To update firmwares remotly is a necessary step to create a scalable system. When you don't have this resource you can be limited in the implementation of new features, bug fixes and the most important, regressions, if necessary.

Considering my scenario working with NXP microcontrollers of LPC 17xx serie connected to themselves through CAN message protocol, I had this limitation of not be enable to remotly update the boards. The communication by uart0 and uart3 ports were enabled: the update was physically made through uart0 and a SBC was connected in uart3 to be able to send external commands to the board. Looking to my sistem I saw that I could use the SBC that was already connected — to keep the firmware and update the boards.


CAN Protocol and CAN Bus

The CAN protocol is a message protocol to enables the communication of different boards without to be necessary to connect all the boards with each one, this way it is possible to keep an organized and reduced wire scheme, delivering the messages to all of them and programming the boards to filter if it is a massage to itself or if not

You can assimilate with a transport bus: the bus has a path already defined that connect the neighborhoods (main wire); all the bus stops from each neighborhood are included in the way (CAN node connected to main wire); the people that were waiting at the bus stop get into the bus to go to another place (message from one board to another); the bus carry the person to your destination passing by others neighborhoods, that will see the message but will not receive (message being transmitted using CAN protocol). All this physical communication system of the boards is called CAN Bus.

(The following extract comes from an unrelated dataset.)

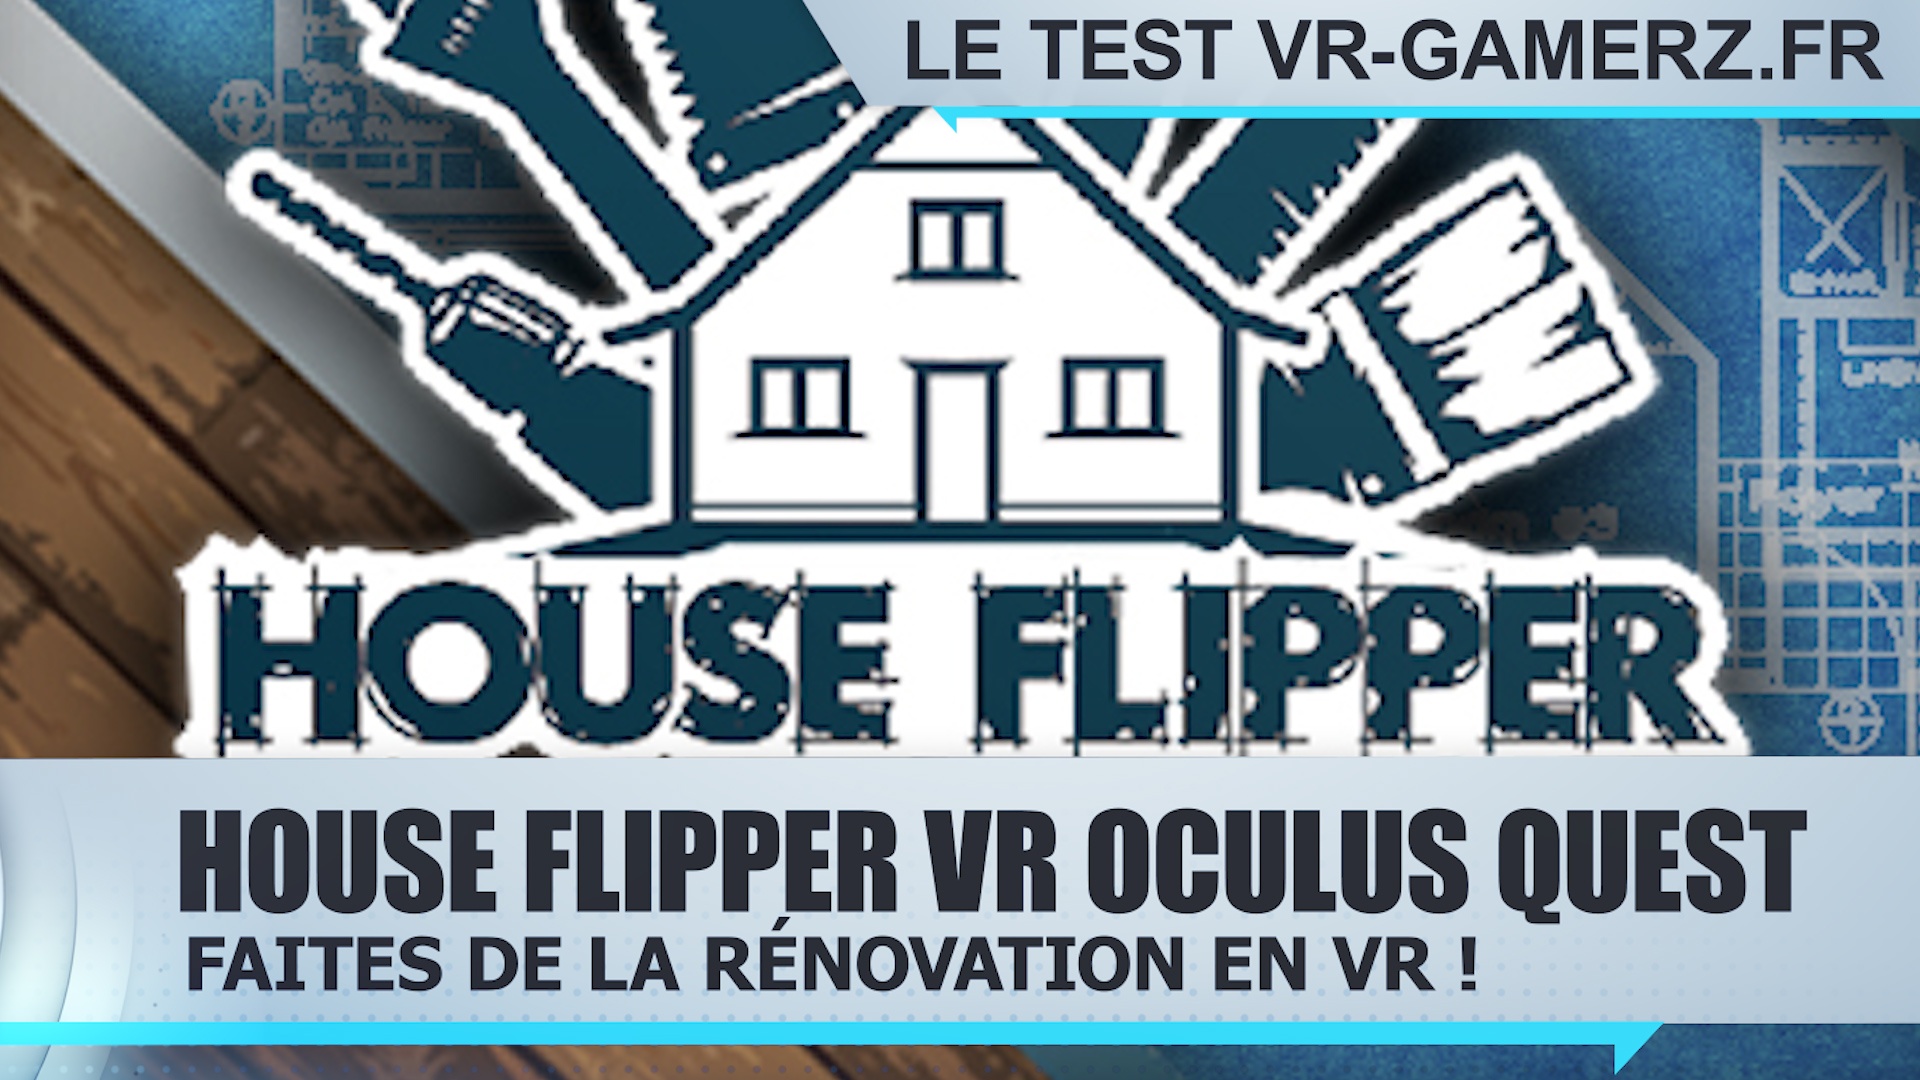 Test House Flipper VR Oculus quest : Faites de la rénovation en VR !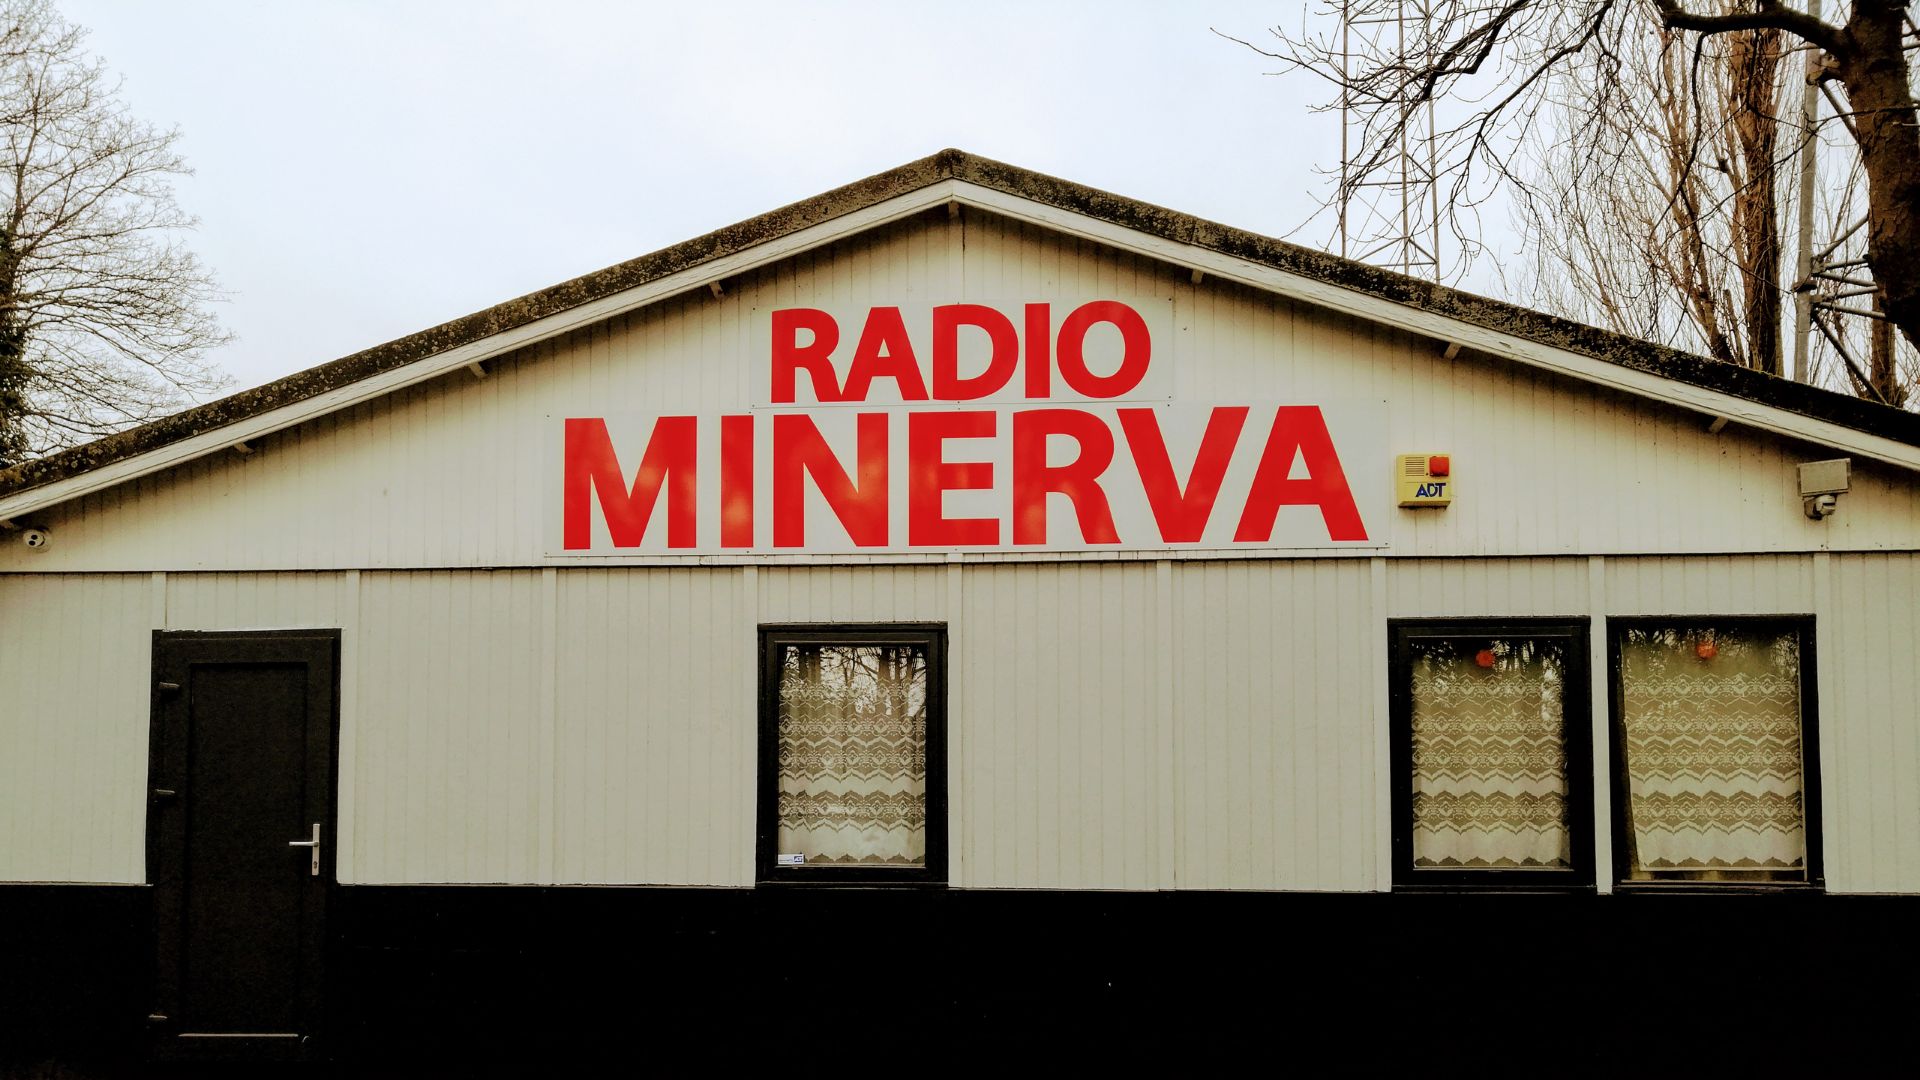 Radio Minerva est diffusée depuis un chalet de 70 m2 situé à deux pas de la plage anversoise de Saint-Anne.

Not use this method would be like the bus connected directly with all the bus stops between themselves: would work but would be confuse to understand and organize, and would spent more resources — gasoline to the bus and wire for the boards. 



Continuing with the bus history, let's keep the board path and organization idea but instead of a bus, that can carry a lot of people, we'll associate now with a car, that will be able to carry five persons only. This assimilation is closer to what we see using CAN Bus to delivery the messages.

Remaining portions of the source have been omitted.